I've looked at emancipation, since in my state you can't just leave when you're 17, you need a court to deem you emancipated or whatnot before you're 18. I have researched this, and it isn't an option for me. You basically need a full time job, and to show that you can take care of yourself. While I'm perfectly capable of living on my own, getting a job is impossible. The problem is, I don't have a car, or my driver's liscence. And I'm sure not going to spend 40 hours in car with one of my parents to get that done, not that they would do it for me anyways, and I still wouldn't have a car. So I'm basically stuck here.
By this point, you're probably thinking "Well, you're almost 18, maybe you could just wait and fix your life after that." While that may be true, lately my parents have been much worse than they have before. I've been in a pretty heavy depression for over 2 weeks and i'm getting desperate..
What do I to cope? Well i don't take it out on others, and I don't do drugs...per se. I used to use my computer, where I made some friends online, and talk about my problem. Plus distractions from real life with games and whatnot, I was actually doing okay, but that reprieve is gone now, and I'm alone and depressed.
I don't have any relatives or friends that I could stay with, but something was brought to my attention recently. One of these friends I've met online feels so bad that she has offered me refuge at her place so I could get away from my parents.
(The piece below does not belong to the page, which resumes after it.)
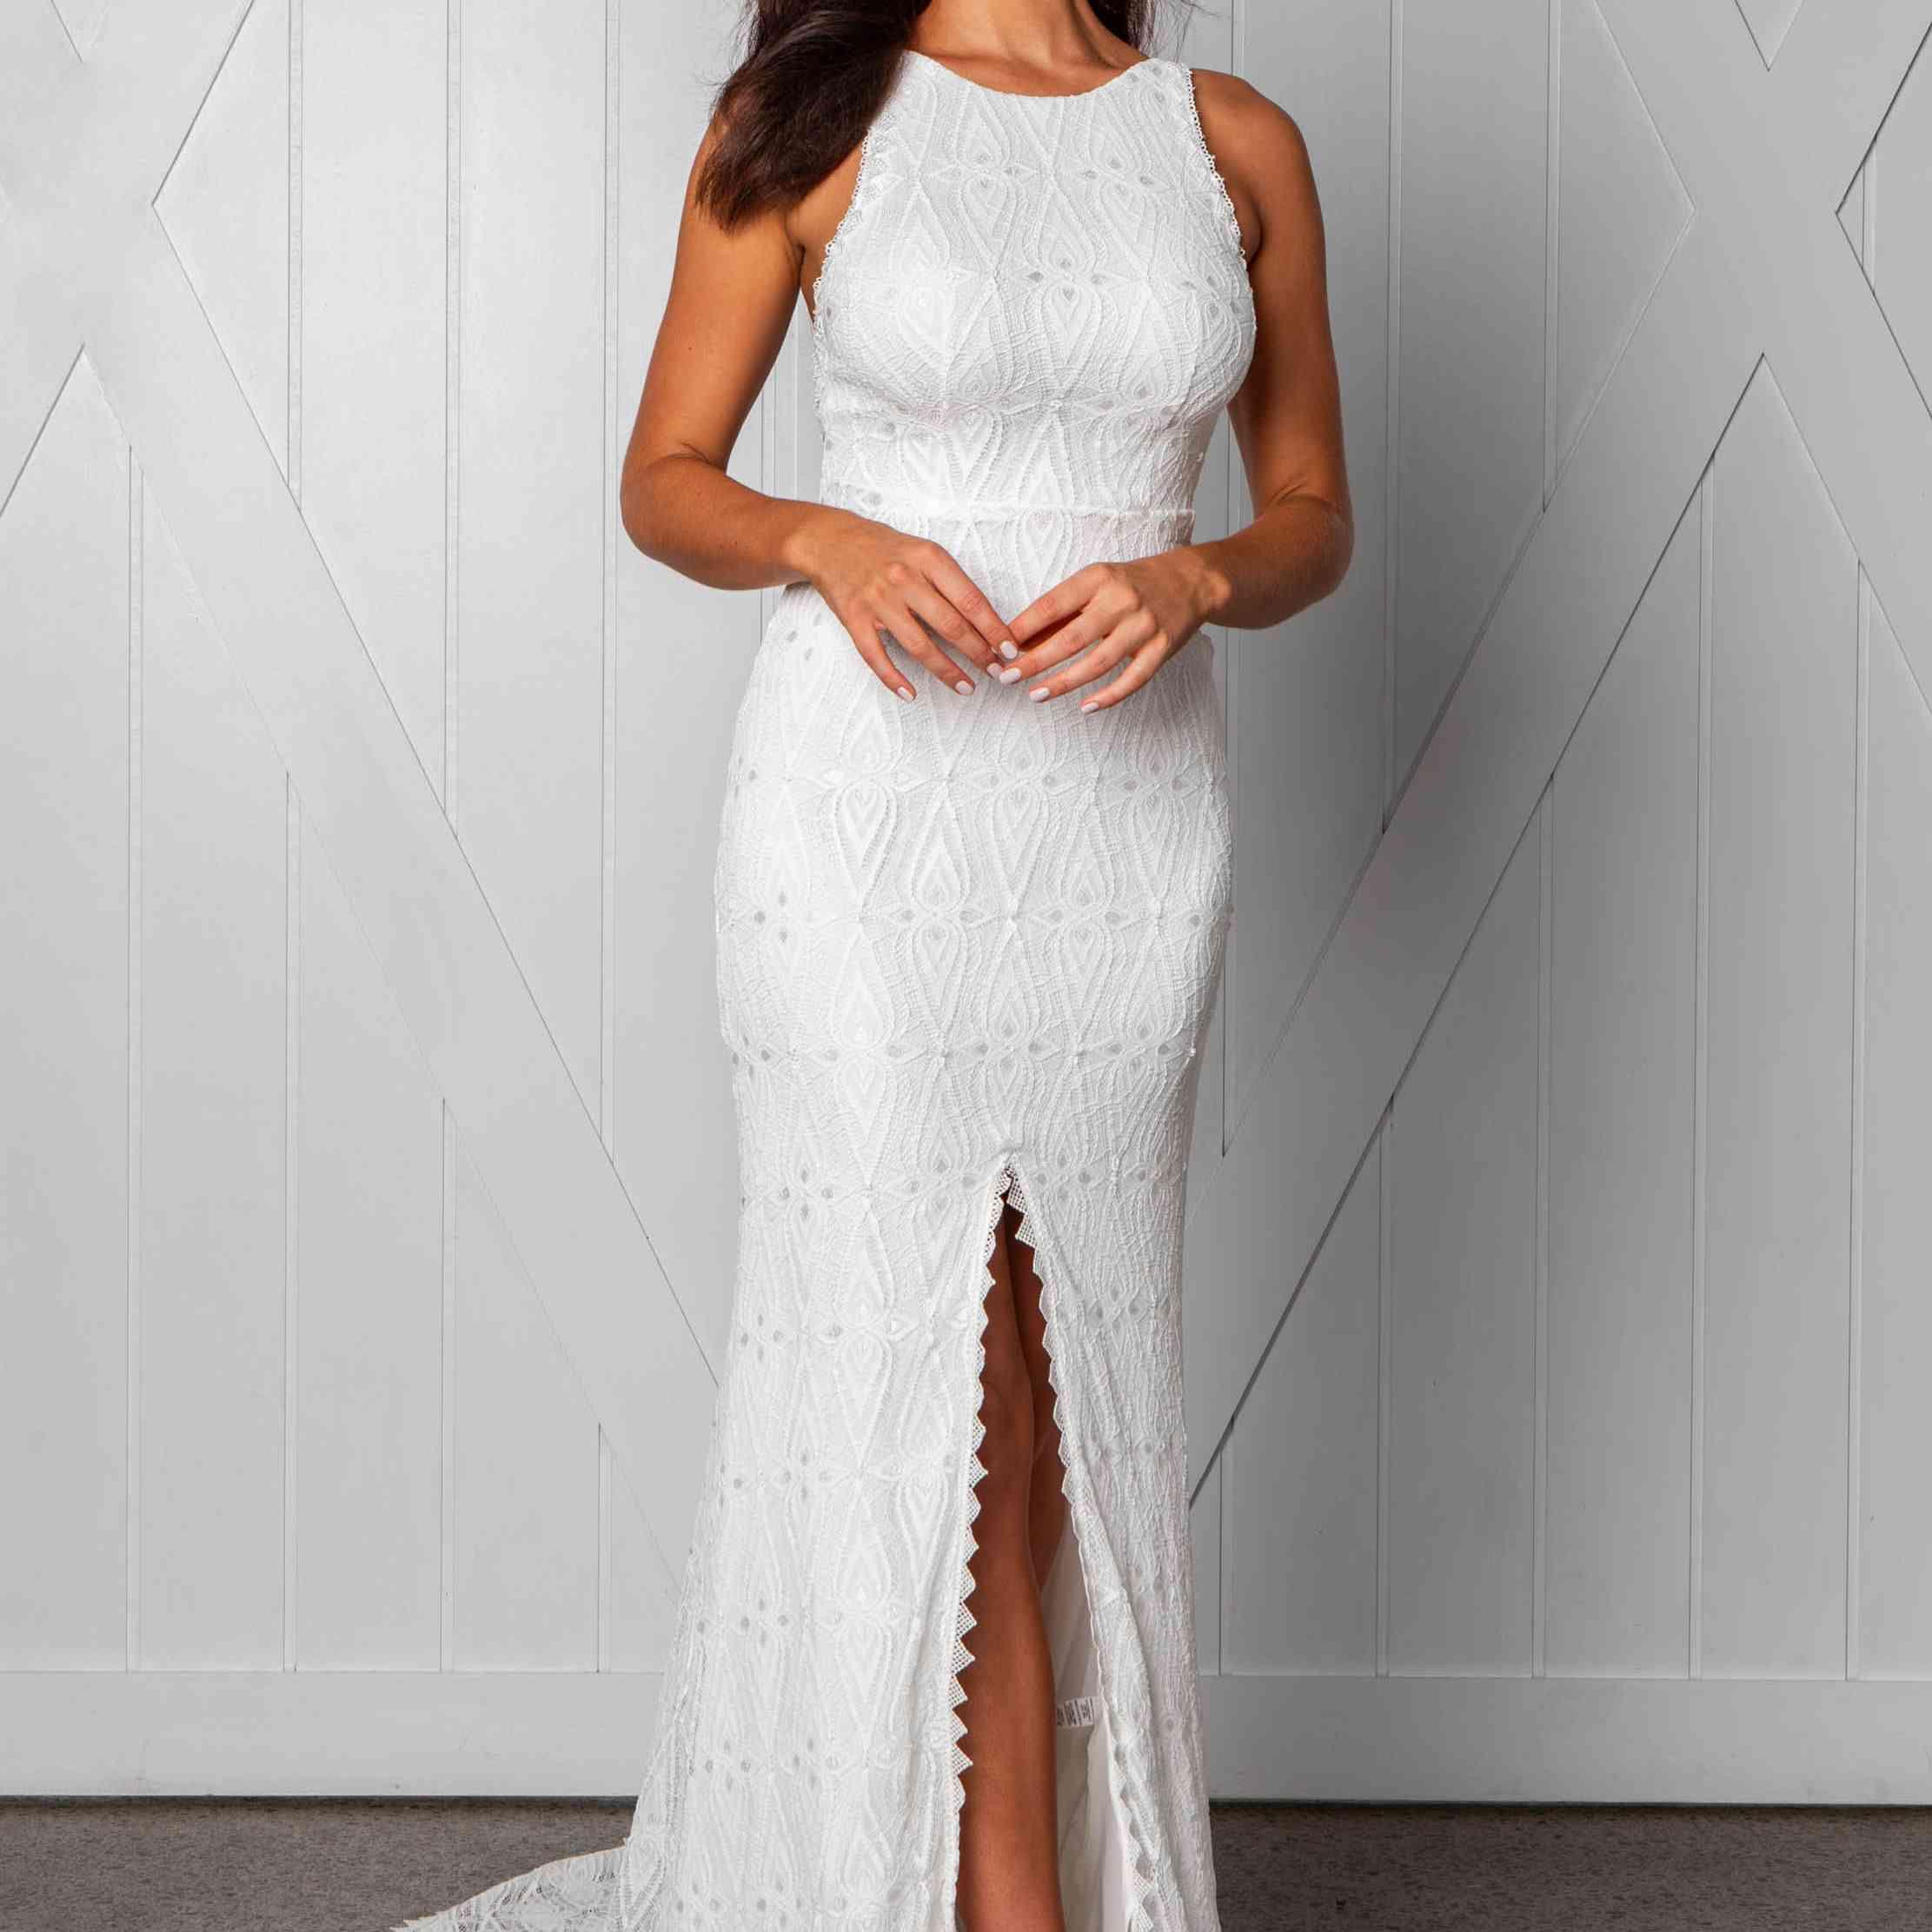 Leon sleeveless wedding dress

I could turn my life around there, start healing and saving money for college with a job. And no, its not a love relationship. Although, after doing some research, I found that there are several problems with this solution. First of all, If I leave without my parents consent (they would never give consent for this, even though they hate me), they could file a runaway (as I live in Georgia) and have me brought back home, as well as my friend being charged with harboring a minor. Another problem is that she lives about 7 states away, and while I could probably get enough money to buy a plane ticket, or maybe take a train (I haven't looked into that yet), I'm fairly certain that I wouldn't be able to travel on my own without parental consent. And I know running away from my parents to live with someone I met on the internet (and have known for about 9 months) sounds crazy and irrational. But like I said, I'm desperate, and I'm at rock bottom right now, so I don't see how it could be any worse: I've got nothing to lose, and to keep my sanity, I need to try. She is 19 by the way, and while I know people can lie about their identities and whatnot easily on the internet, I seriously doubt that she's not genuine. I'm an overly cautious person, and I've heard her voice. It would be a move motivated by faith in my time of need.
So basically, I guess I'm wondering: What can I do? It seems to me that I'm stuck in a pothole, and I really don't think I'll be able to stick it out until I'm 18.
I appreciate the time you've taken to read this, and keep in mind that I'm a 17 year old male with your responses, and emotional abuse is much harder to prove than physical. I'll gladly clear up any confusion, as I have hurried with this post, as I am using my parents computer while they are gone.